日本の春を象徴する桜。なかでもソメイヨシノは気象庁の生物季節観測の指標にもなっています。しかし、その生態は私たちが想像する「樹木」の常識を覆す、極めて特殊なものです。
江戸時代に生まれた「交雑種」

ソメイヨシノは自然界に元々存在した種ではありません。江戸時代末期から明治初期にかけて、江戸の染井村(現在の東京都豊島区駒込付近)の植木職人たちが、「エドヒガン」と「オオシマザクラ」を交配させて作ったものとされています。
すべては「たった1本のクローン」
ソメイヨシノの最大の特徴は、現在世界中に存在するすべての個体が、元を辿ればたった1本の原木に帰着する「クローン」であるという点です。全く同じ遺伝子(DNA)を持っているため、気温などの条件が揃うと同じタイミングで開花します。
ソメイヨシノは自らの花粉では受粉して種を作ることができない「自家不和合性」が非常に強く、種から増やすことができません。稀に他の品種(ヤマザクラ等)の花粉で種ができることがありますが、その種から育った木はもはや「ソメイヨシノ」ではなく、別の雑種になります。

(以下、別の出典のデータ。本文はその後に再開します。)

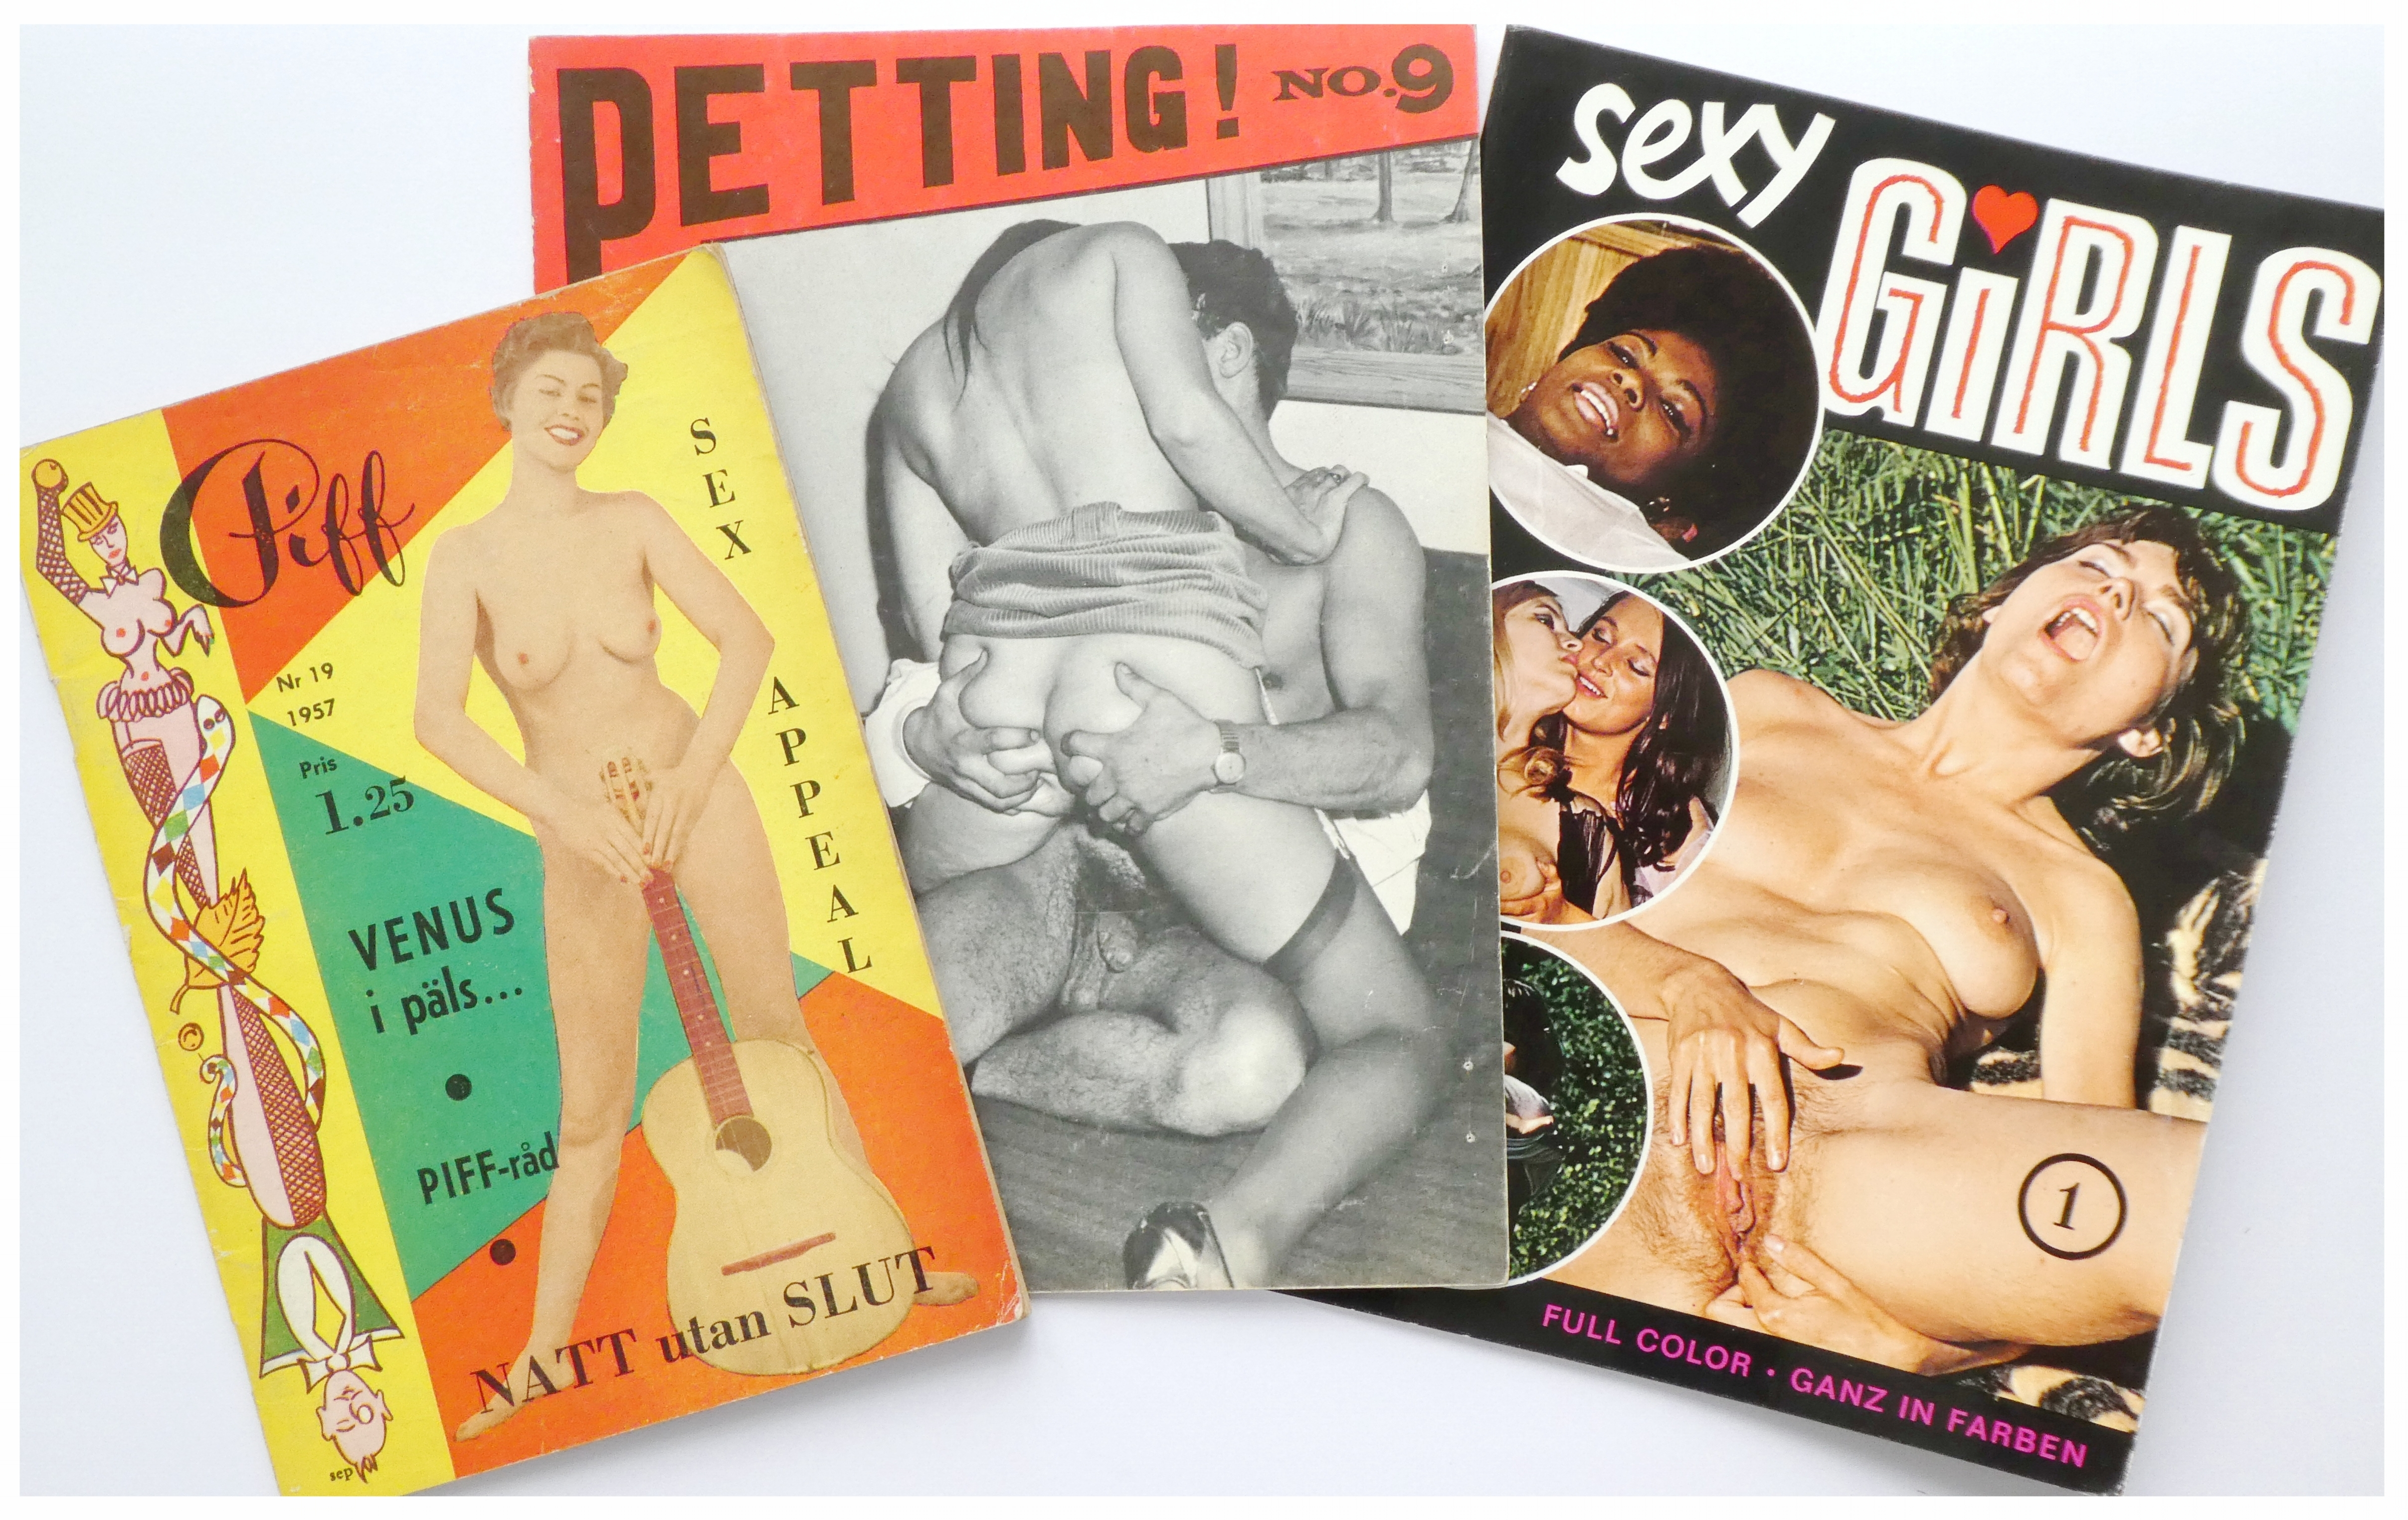 Petting, 'lesbian' and softcore magazines
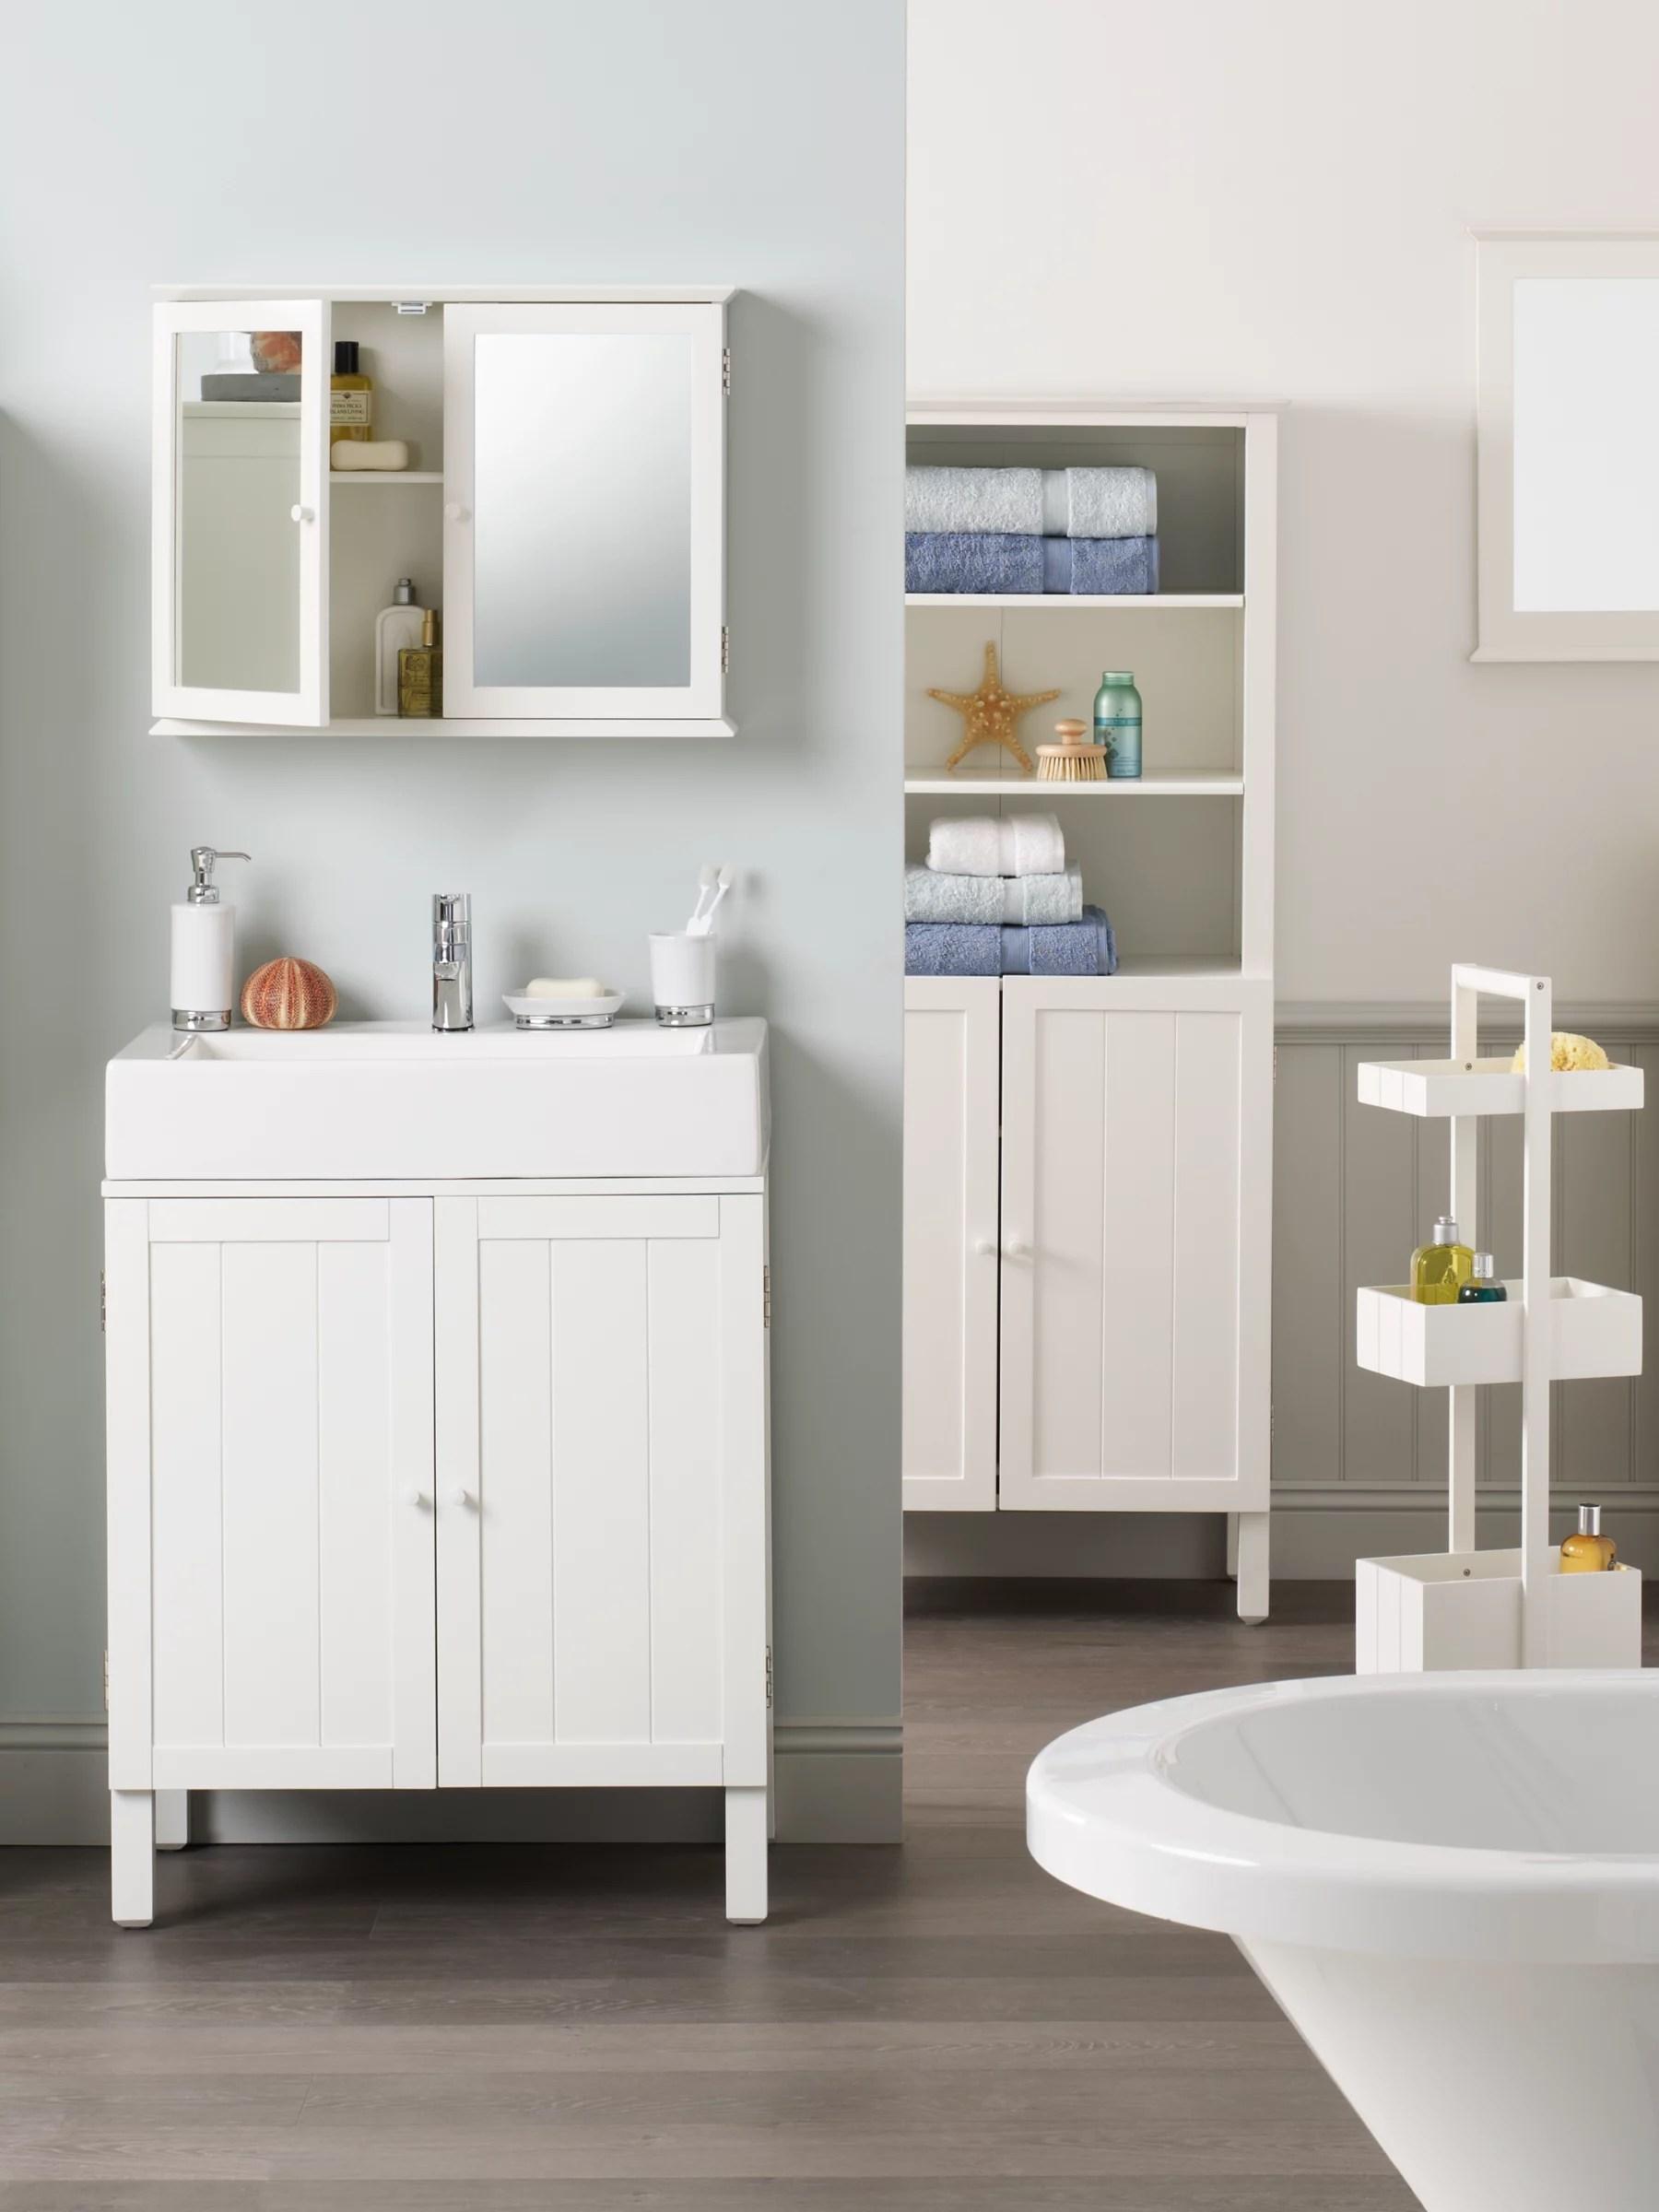 Bathroom Cabinets John Lewis st ives bathroom furniture

そのため、「接ぎ木(つぎき)」や「挿し木」といった栄養繁殖によってのみ増やされてきました。
ソメイヨシノの「寿命」と直面する危機
一般的にソメイヨシノの寿命は60年~80年程度と言われてきました。しかし、これは管理状態に依存する部分が大きく、適切な剪定や施肥を行えば100年を超える個体も存在しますが、戦後に大量植樹された個体が一斉に寿命を迎える「60年寿命説」が課題となっています。また、クローンであるため、特定の病害虫に対する耐性が全個体で等しく低く、感染症が広がると一気に壊滅するリスクを孕んでいます。
「サクランボ」は美味しいの?
ソメイヨシノにも稀に小さな黒い実がつきますが、食用として流通している「佐藤錦」などのセイヨウミザクラとは全く別物です。実は小さく、果肉がほとんどありません。また、強い酸味と苦味があるため、食用には適しません。